**Given records:**
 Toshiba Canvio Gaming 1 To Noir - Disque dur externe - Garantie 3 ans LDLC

--

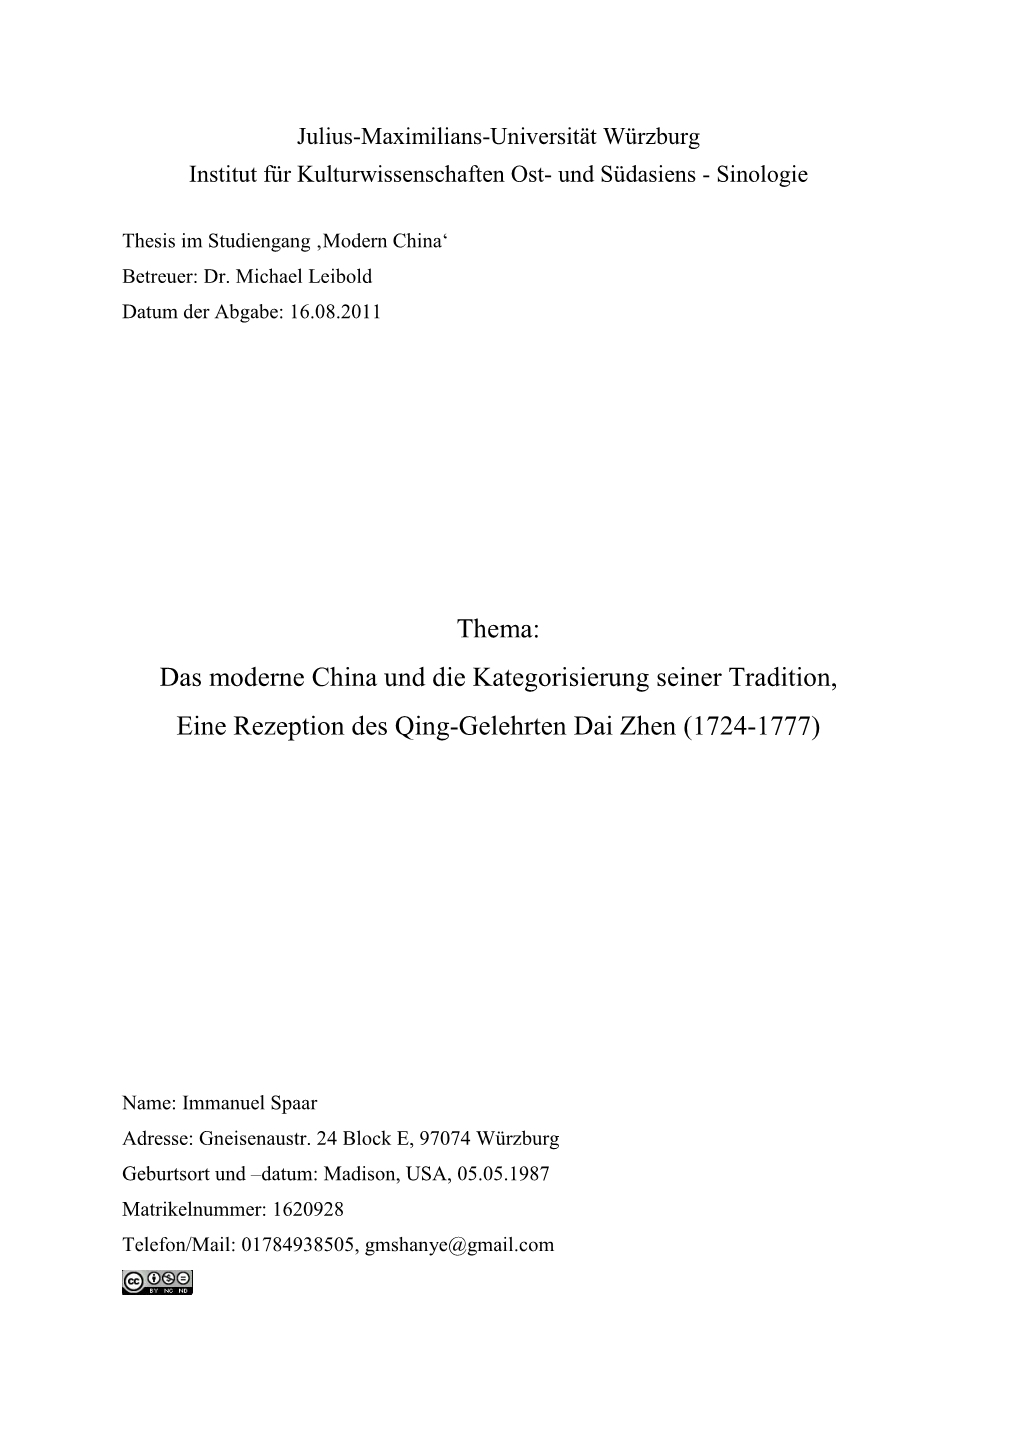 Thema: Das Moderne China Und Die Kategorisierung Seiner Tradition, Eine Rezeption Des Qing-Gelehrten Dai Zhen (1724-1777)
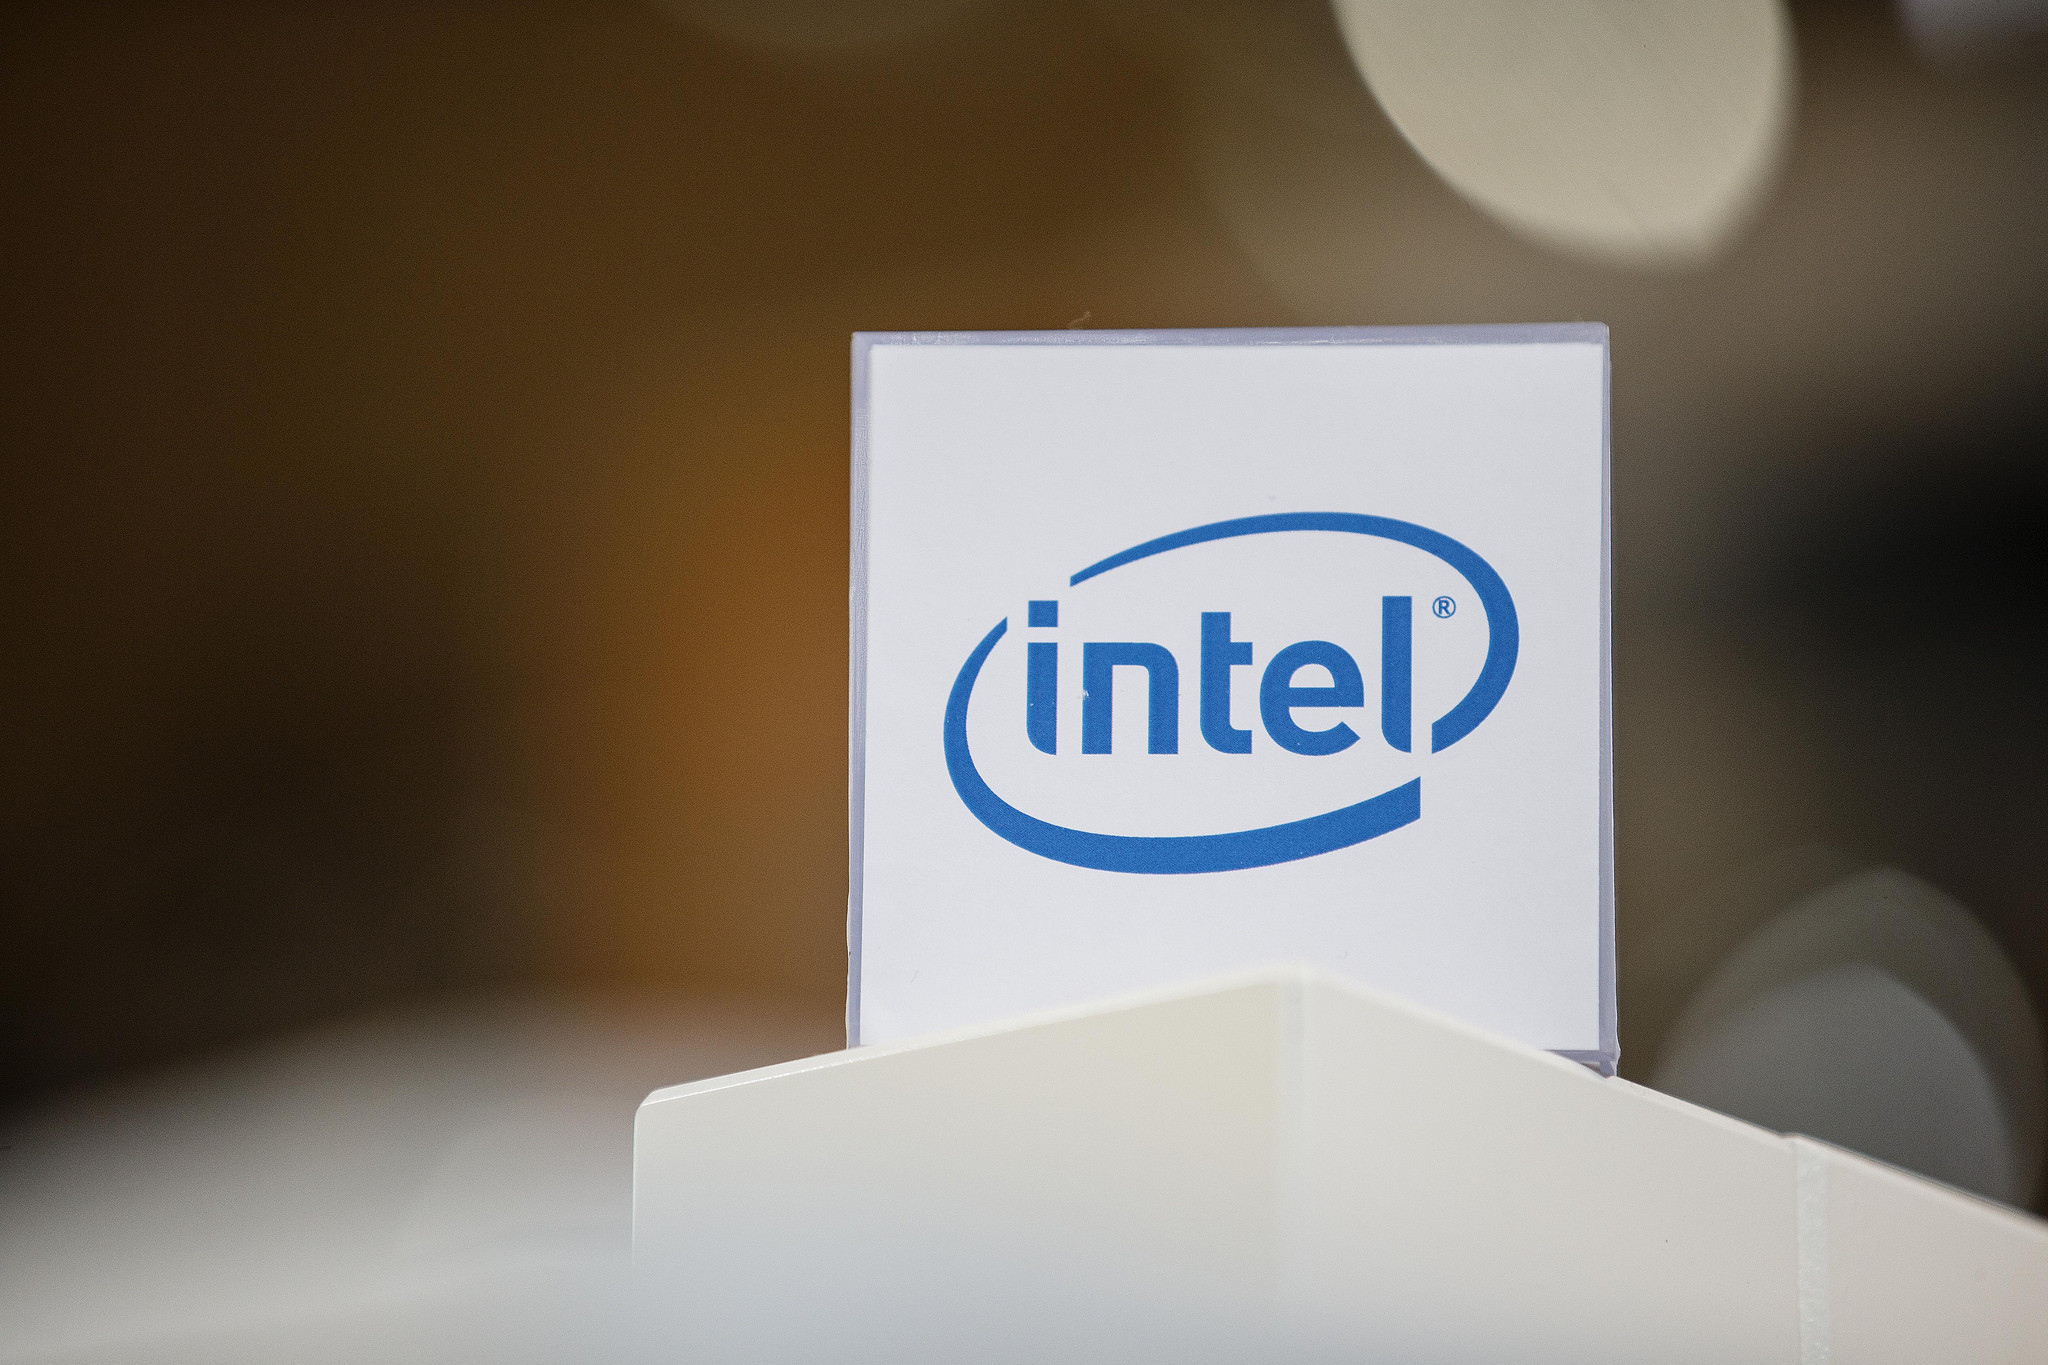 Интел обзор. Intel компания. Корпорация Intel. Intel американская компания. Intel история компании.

**Exercise:** Working from the entries above, please transcribe only the lines from the line with "Thema: Das Moderne" through the line with "Интел обзор. Intel", exactly, with both end lines and without pictures.

**Answer to the problem:**
 Thema: Das Moderne China Und Die Kategorisierung Seiner Tradition, Eine Rezeption Des Qing-Gelehrten Dai Zhen (1724-1777)
 Интел обзор. Intel компания. Корпорация Intel. Intel американская компания. Intel история компании.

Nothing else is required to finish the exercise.